Ohloh Report on GlassFish and Open Source Adoption


We just posted a new report on AppServer adoption that we commissioned from Ohloh (recently acquired by SourceForge). The report uses the extensive code analysis done by Ohloh (38,000 projects across 3,500 source forges) to compute several metrics on how Open Source projects are targeting different AppServers.

Ohloh computed trends through their application-specific deployment descriptors and found that ~50% of the projects currently target GlassFish and that the number jumps to 73% when only counting new projects.

Check out full details at the report and also see John's writeup.


Looking at the scanned descriptors, the ohloh report should really take into account 'jboss-web.xml' & 'jboss-client.xml'. But then, jboss didn't pay for it, right?

Posted by John McDonand on June 03, 2009 at 07:19 PM PDT #

Thanks, John, I'll pass that along to the ohloh folks. If anybody else sees other areas where this can be improved, please pass it along.

Unless these descriptors were introduced recently, it should not impact the trends, which I think is more important than the actual numbers.

Posted by Eduardo Pelegri-Llopart on June 04, 2009 at 12:51 AM PDT #

They are both old descriptors. I wouldn't expect jboss-client.xml to have much impact, but jboss-web.xml probably yes because it indicates a web application. Nevertheless, the trend looks clear.

Posted by John McDonald on June 04, 2009 at 02:06 AM PDT #

I don't think looking at descriptors gives an accurate picture at all.

Hello, annotations?...

I realize that the likelihood that the number of JBoss developers that are using annotations more being significantly higher than the number of Glassfish developers is low so the trend is probably still similar but we don't know.

This is simply a big hole in the analysis that prevents us from really drawing too many firm conclusions.

Not including JBoss web descriptors also probably fits in this category. Of course with that the likelihood that JBoss developers were abandoning EJB entirely around the time JBoss started supporting EJB 3.0 is a bit of a stretch but that is the argument the Spring camp would make.

I would be willing to overlook the omission of annotations in the analysis as long as JBoss web descriptors are included.

Now don't get me wrong, I am really excited about GlassFish and am going to take a serious look now that JEE 6 is finalizing. The fact that JBoss couldn't even beat WebSphere in implementing JEE 5 is just a joke!!!

My company has also done a lot of JBoss administration training with our clients and how difficult this is with JBoss compared to Glassfish or even Apache Geronimo/WAS CE is another joke.

The fact that clients haven't paid for JBoss means they are more likely to ditch it if something better comes along. I haven't seen anything with JBoss 5.x that would lead me to suggest our clients stick with JBoss so I'm starting to suggest they switch. Glassfish will likely be my choice for JEE 6 implementations.

Great stuff!
Stuart Smith
Administration Lead
Web Age Solutions

Posted by Stuart Smith on June 04, 2009 at 03:03 AM PDT #

Hi Stuart - I'll see if we can ask Ohloh to re-run the analysis w/ the additional web descriptors but I'll wait a bit to see if other people point out missing descriptors.

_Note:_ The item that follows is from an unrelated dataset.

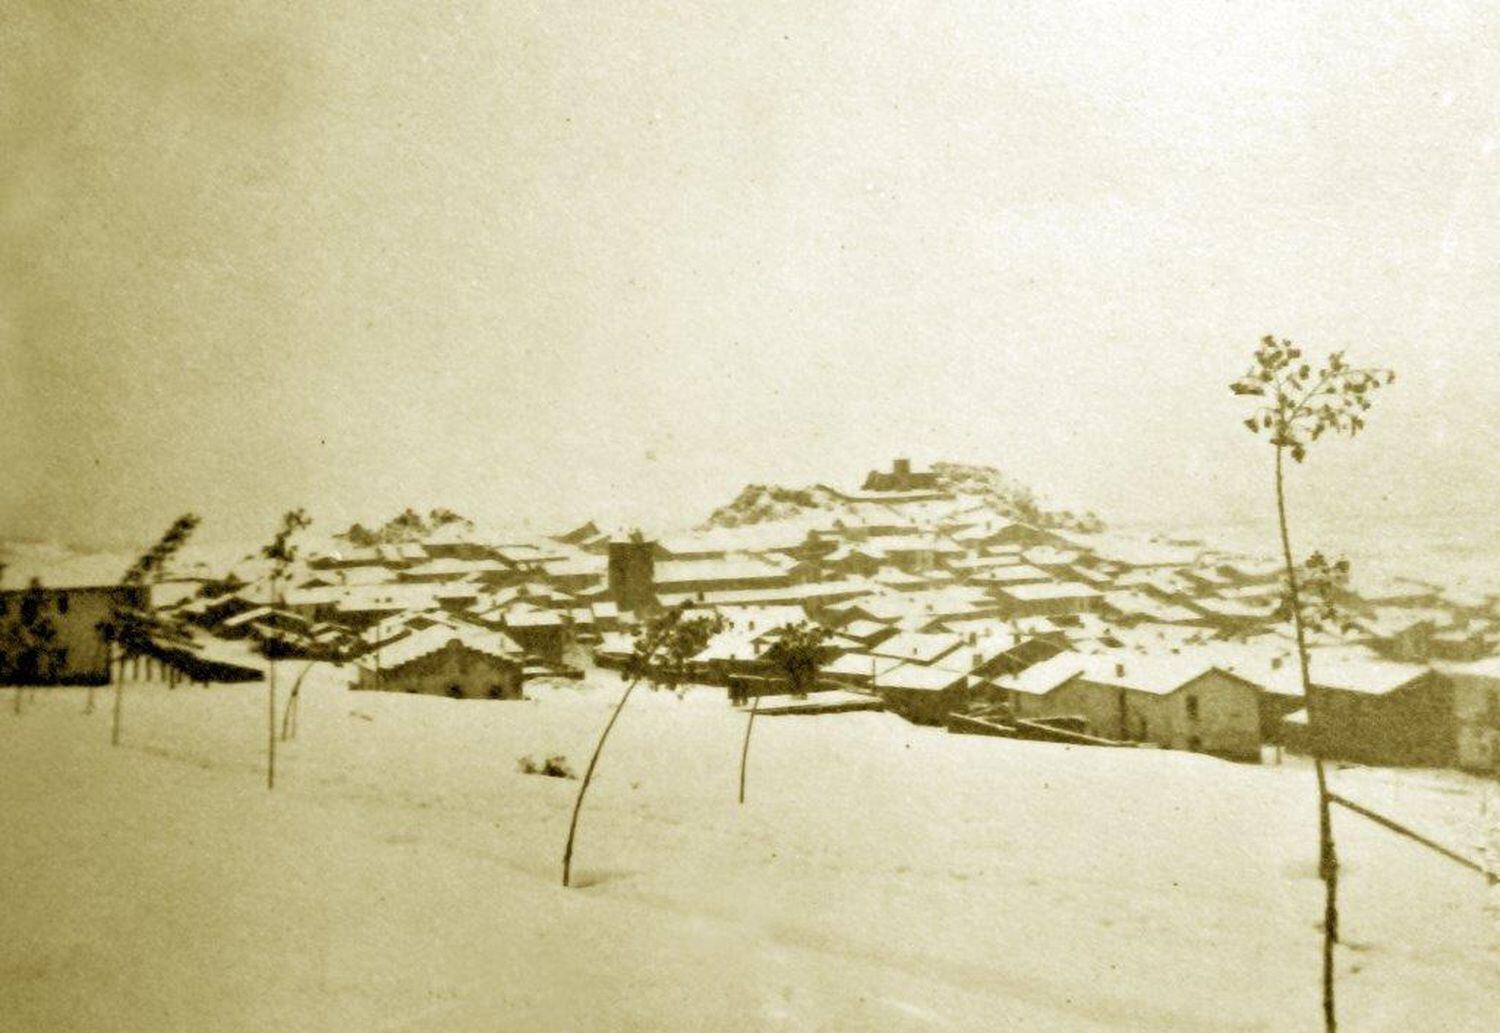 Bronchales (Teruel), completamente cubierto de nieve el 19 de julio de 1932.

I was not involved in commissioning this report; I'd love to do some data-mining on the Ohloh data to get a better picture of the situation and see if there is other useful adoption data in there. Based on what I see, the data seems self-consistent and in line with other adoption indicators.

Posted by Eduardo Pelegri-Llopart on June 04, 2009 at 03:43 AM PDT #

Thank you for the information.

Posted by Download on June 04, 2009 at 10:42 AM PDT #

I agree that it provides support for the statement "adoption of Glassfish is increasing dramatically". As I said, I'm more excited for the future of Glassfish than anything coming out of JBoss anymore.

Typically adoption might be measured with number of downloads. Analyzing the source code of open source projects provides another angle.

Open source projects decide which servers to target based on a higher level of technical evaluation than you might see for end users. End users are often constrained by other considerations than technical merit. Since open source projects start with a cleaner slate this metric might actually say more about the technical merit of a server than other measures.

Thanks for looking to follow up. It would sure be nice to have an independent analysis to share with clients that can't be dismissed.


Posted by Stuart Smith on June 04, 2009 at 11:44 AM PDT #

jboss-service.xml is another useful one to scan for as well.